I told her that at 33, all of my friends are already married and starting their own families, so it means a lot to me that she didn’t get married until she was 42. She also never had children of her own, instead helping raise husband Phil Donahue’s children from a previous marriage.
It’s been three months since the 24/7 channel with “That Girl” was taken off the air, and since then I’ve found comfort in other things, like going on walks with my dog or watching trashy reality TV that sets feminism back 100 years — something I couldn’t bear to tell Thomas about.

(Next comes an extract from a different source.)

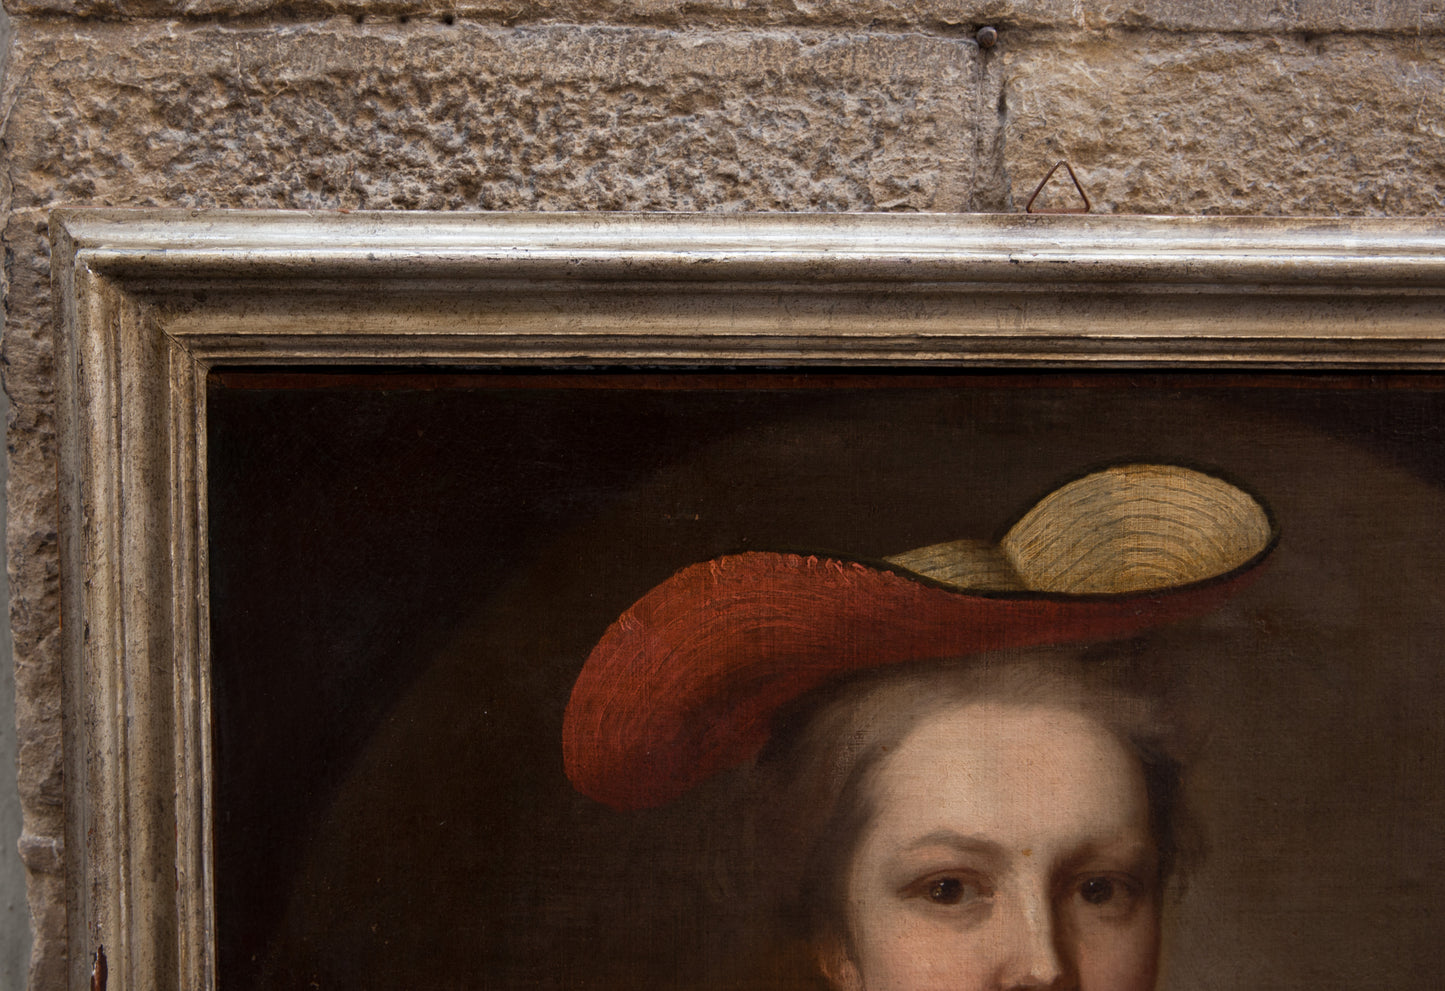 Portrait of Young English aristocrat with Straw Hat. English School circa 1720
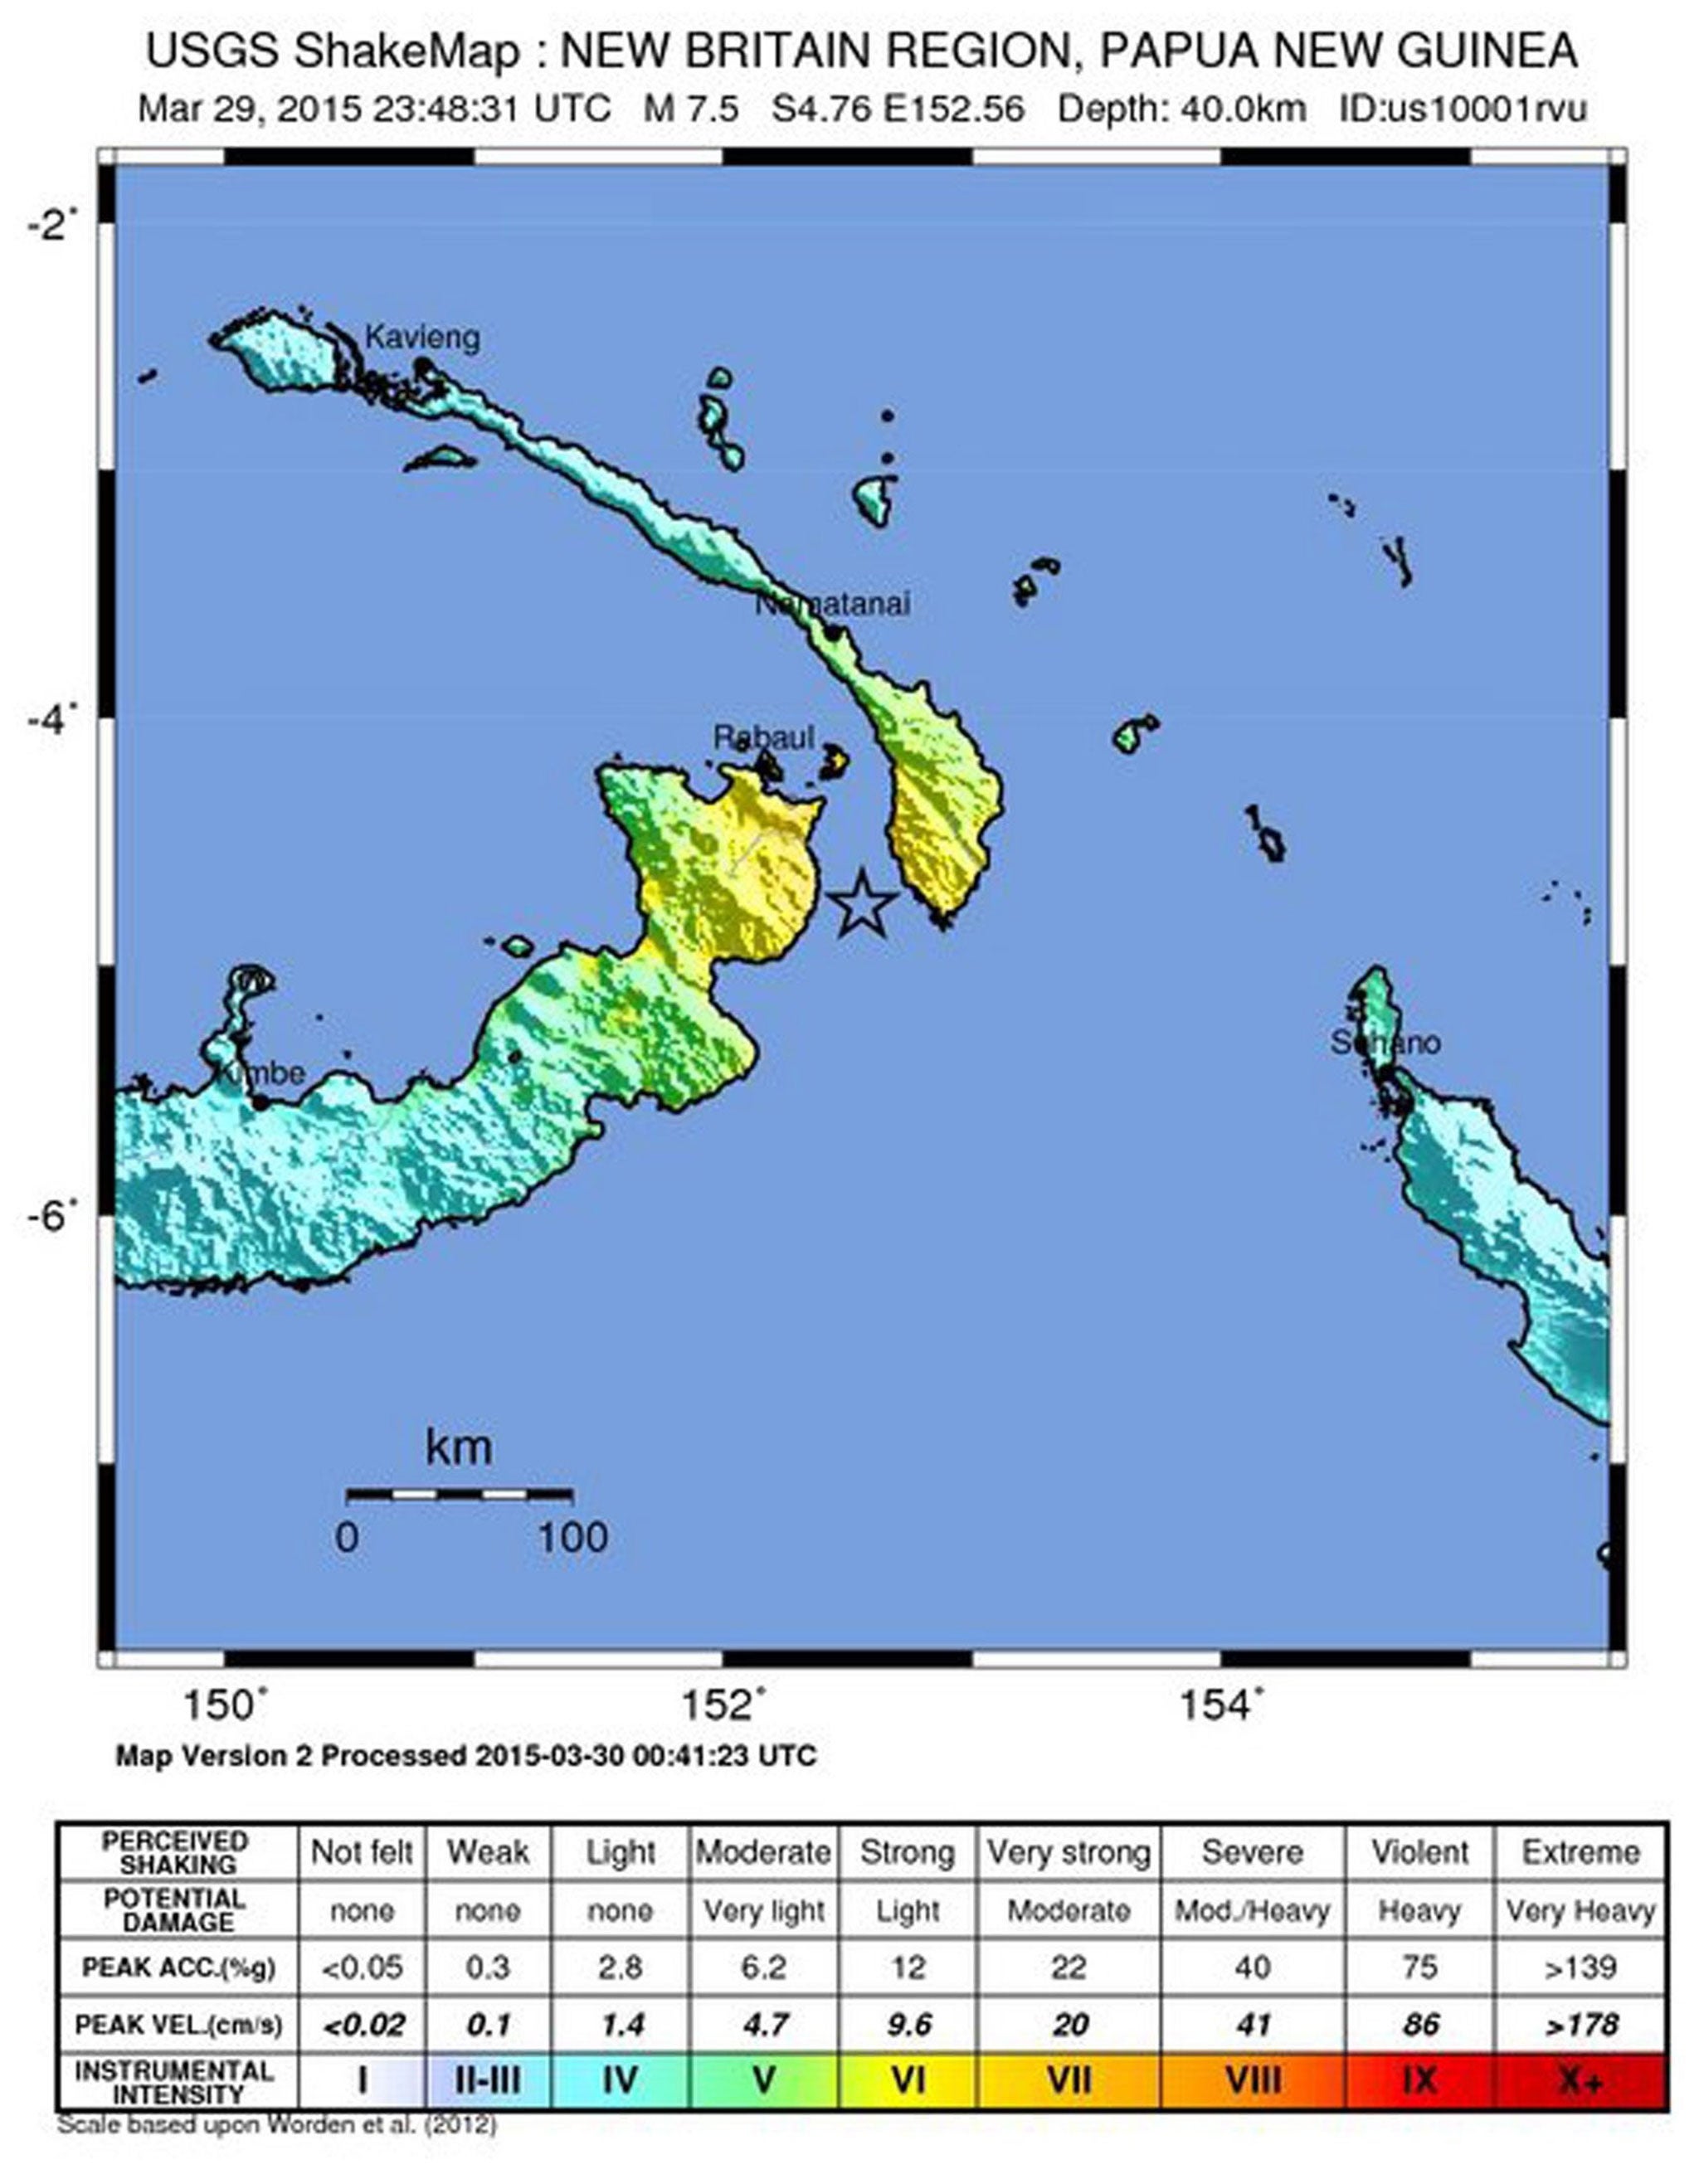 A handout picture released by the United States Geological Survey (USGS) shows a shakemap of the region in Papua New Guinea (PNG) where a 7.5 to 7.6 magnitude earthquake occurred on 30 March 2015

I’ve had to mourn the disappearance of “That Girl,” but my conversation with Thomas comforts me more than the show ever could. She urged me to pick up where she and Ann left off and create my own story.
“The most important thing you can do in your life is do what you feel,” Thomas said. “You got, I don’t know, 80 years ahead of you to figure out what else you want to create, to notice, to point your finger towards, hey, look at this. This is something we should be talking about, or this is something we should remember. I’m gratified that you at 33 see the importance of ‘That Girl.’ That means so much to me.”